= Beginning of Section =

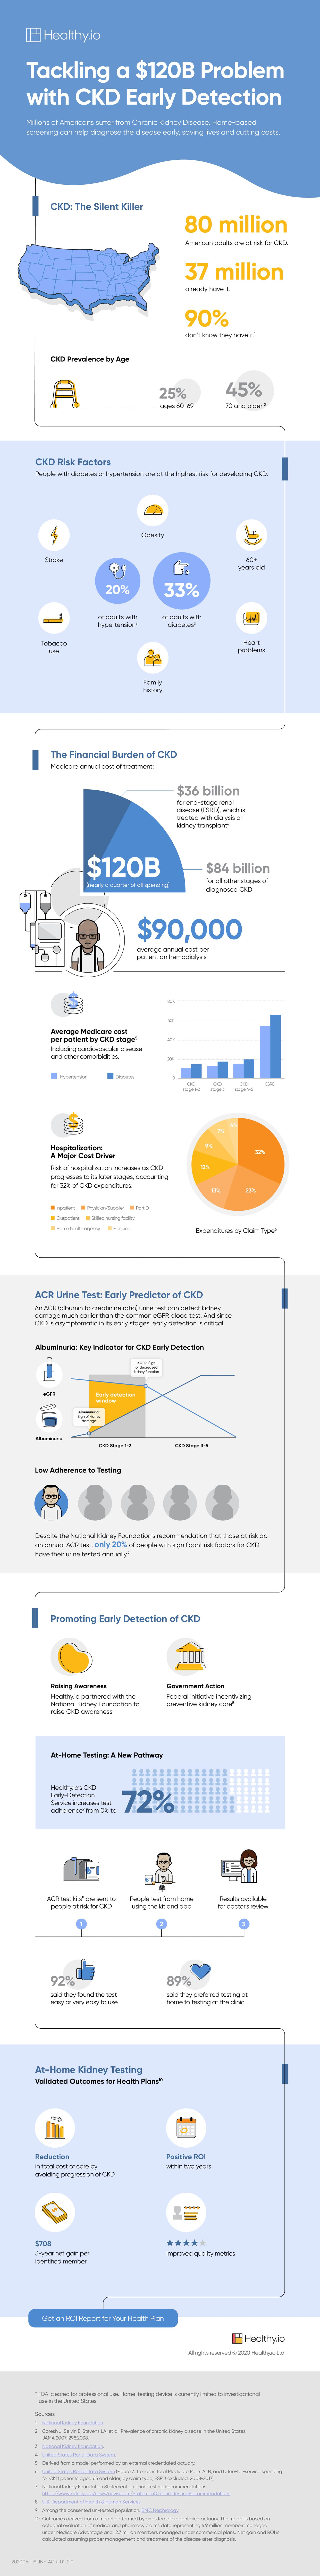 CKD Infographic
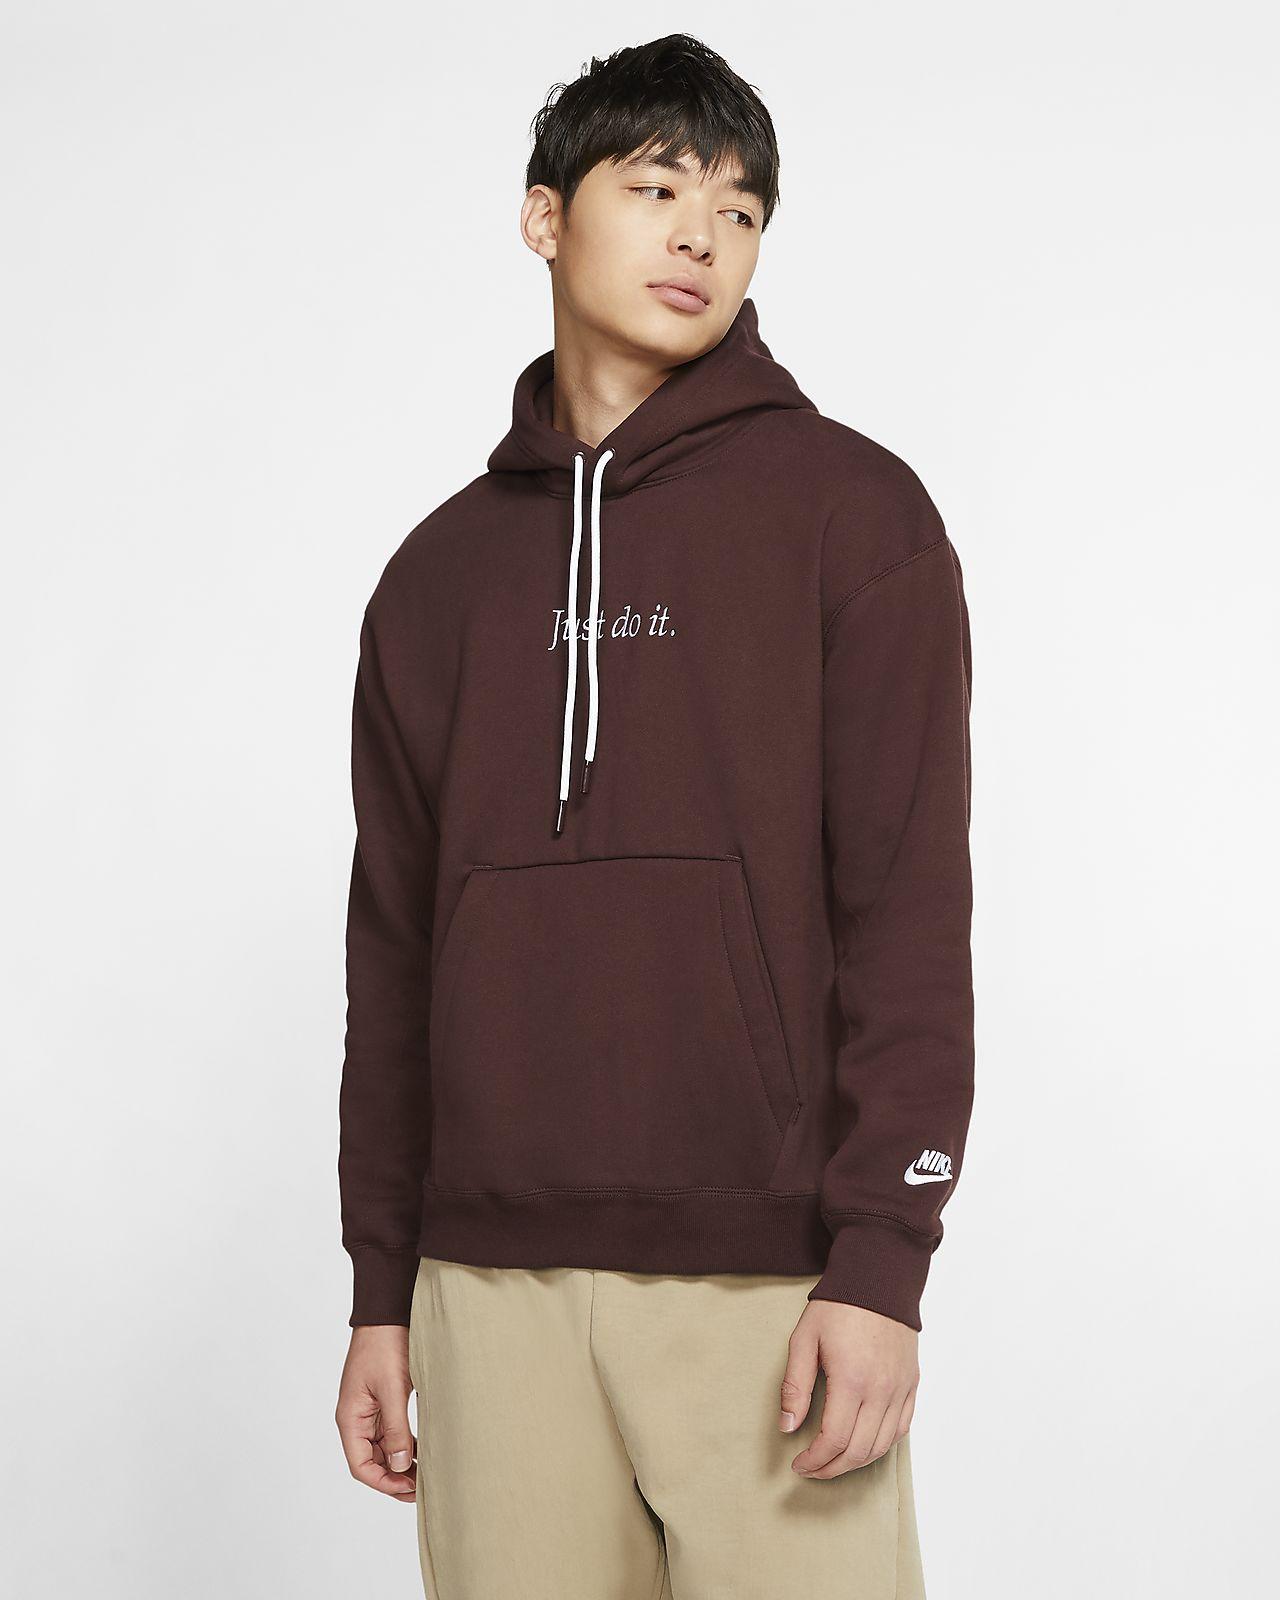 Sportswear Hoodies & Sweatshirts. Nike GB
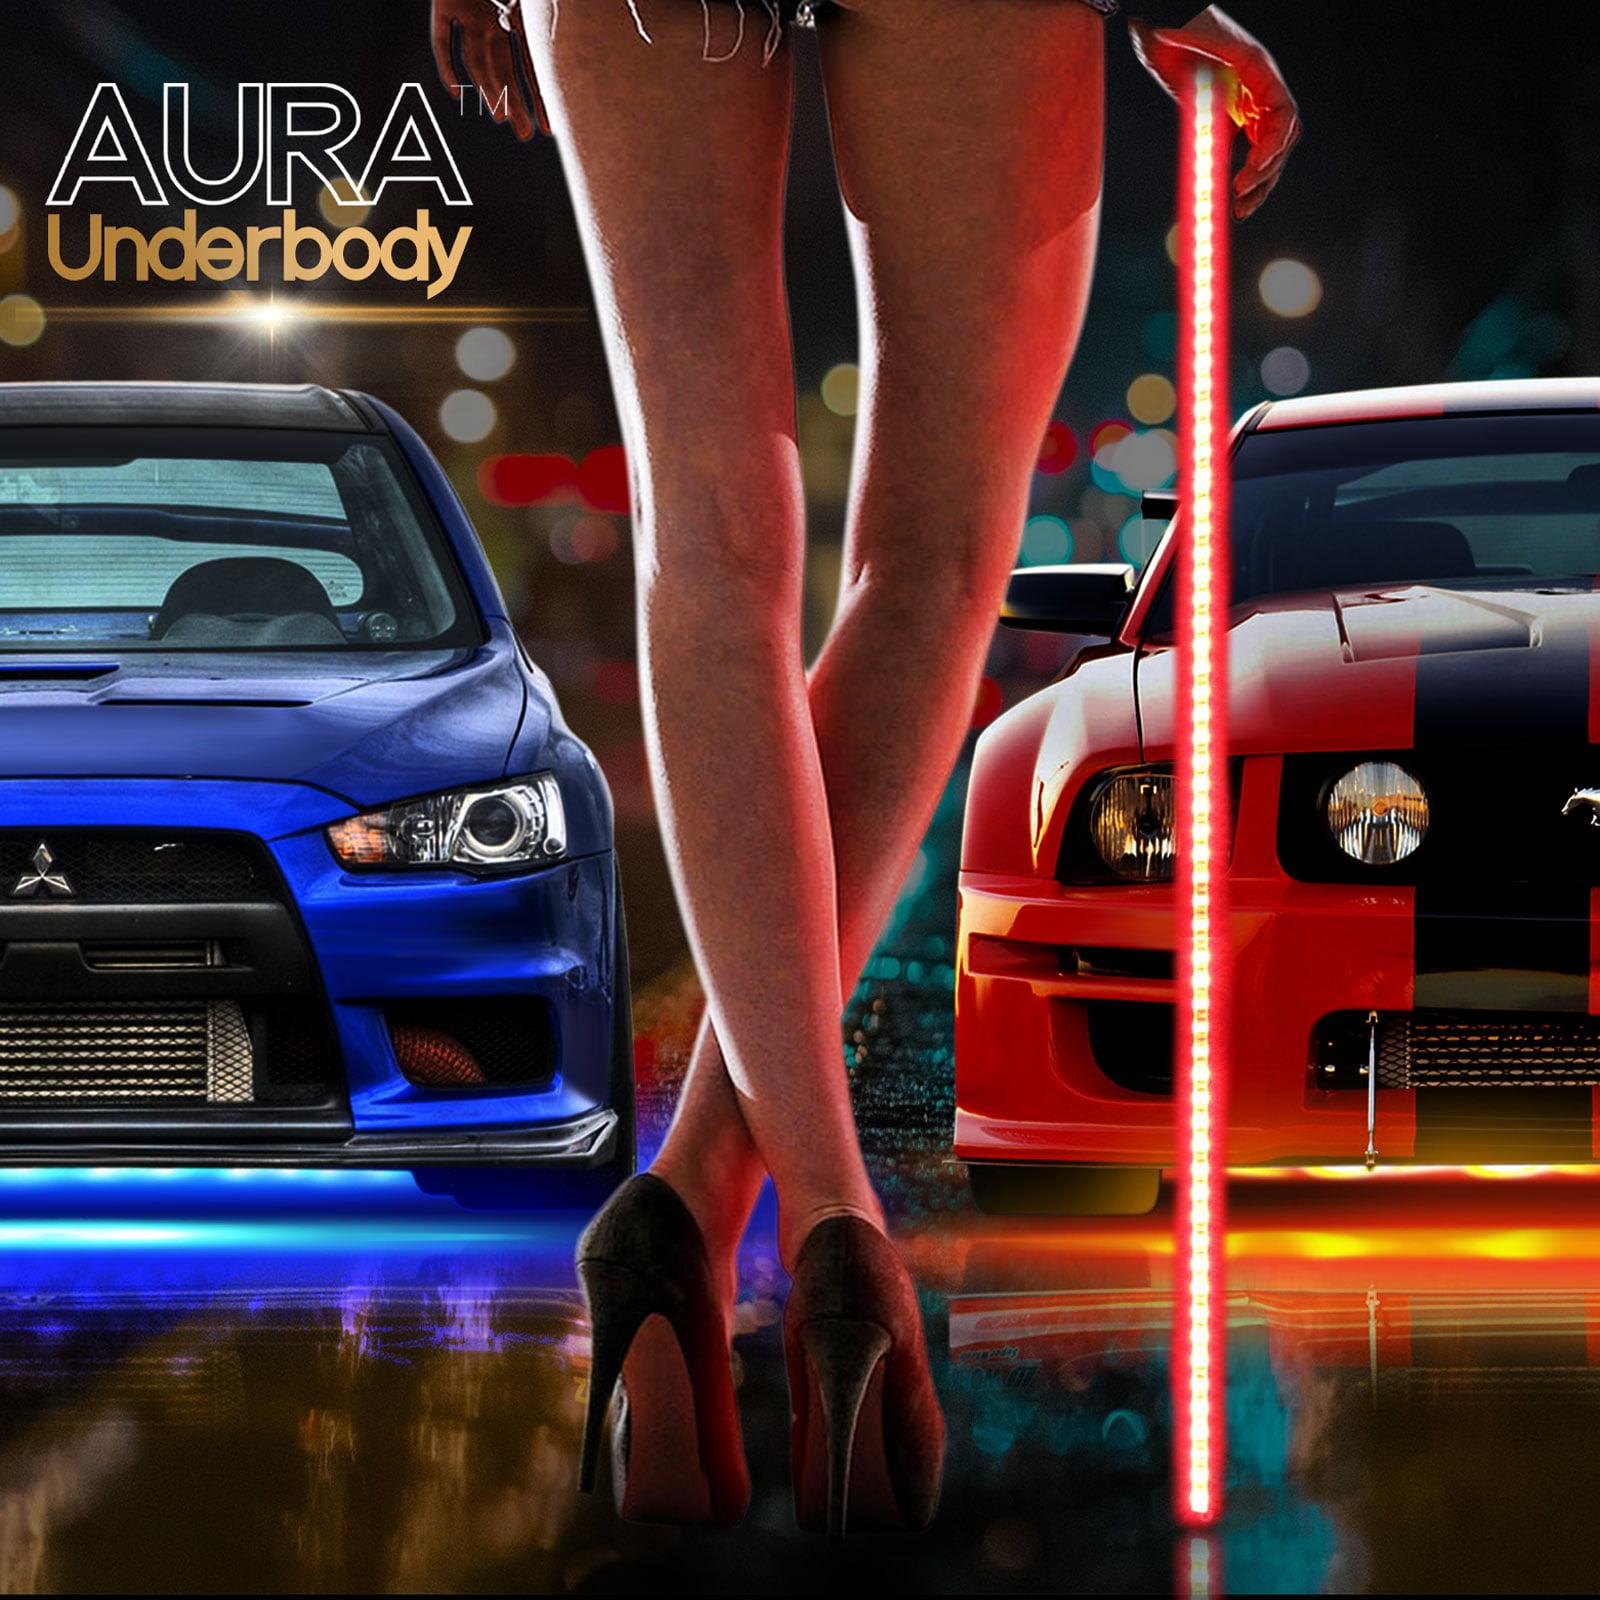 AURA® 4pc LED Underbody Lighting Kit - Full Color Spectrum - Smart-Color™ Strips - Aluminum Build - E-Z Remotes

= End of Section =

*About this exercise*.
Write the listing out again in full and unchanged, minus any pictures.

*Exercise output*.
 CKD Infographic
 Sportswear Hoodies & Sweatshirts. Nike GB
 AURA® 4pc LED Underbody Lighting Kit - Full Color Spectrum - Smart-Color™ Strips - Aluminum Build - E-Z Remotes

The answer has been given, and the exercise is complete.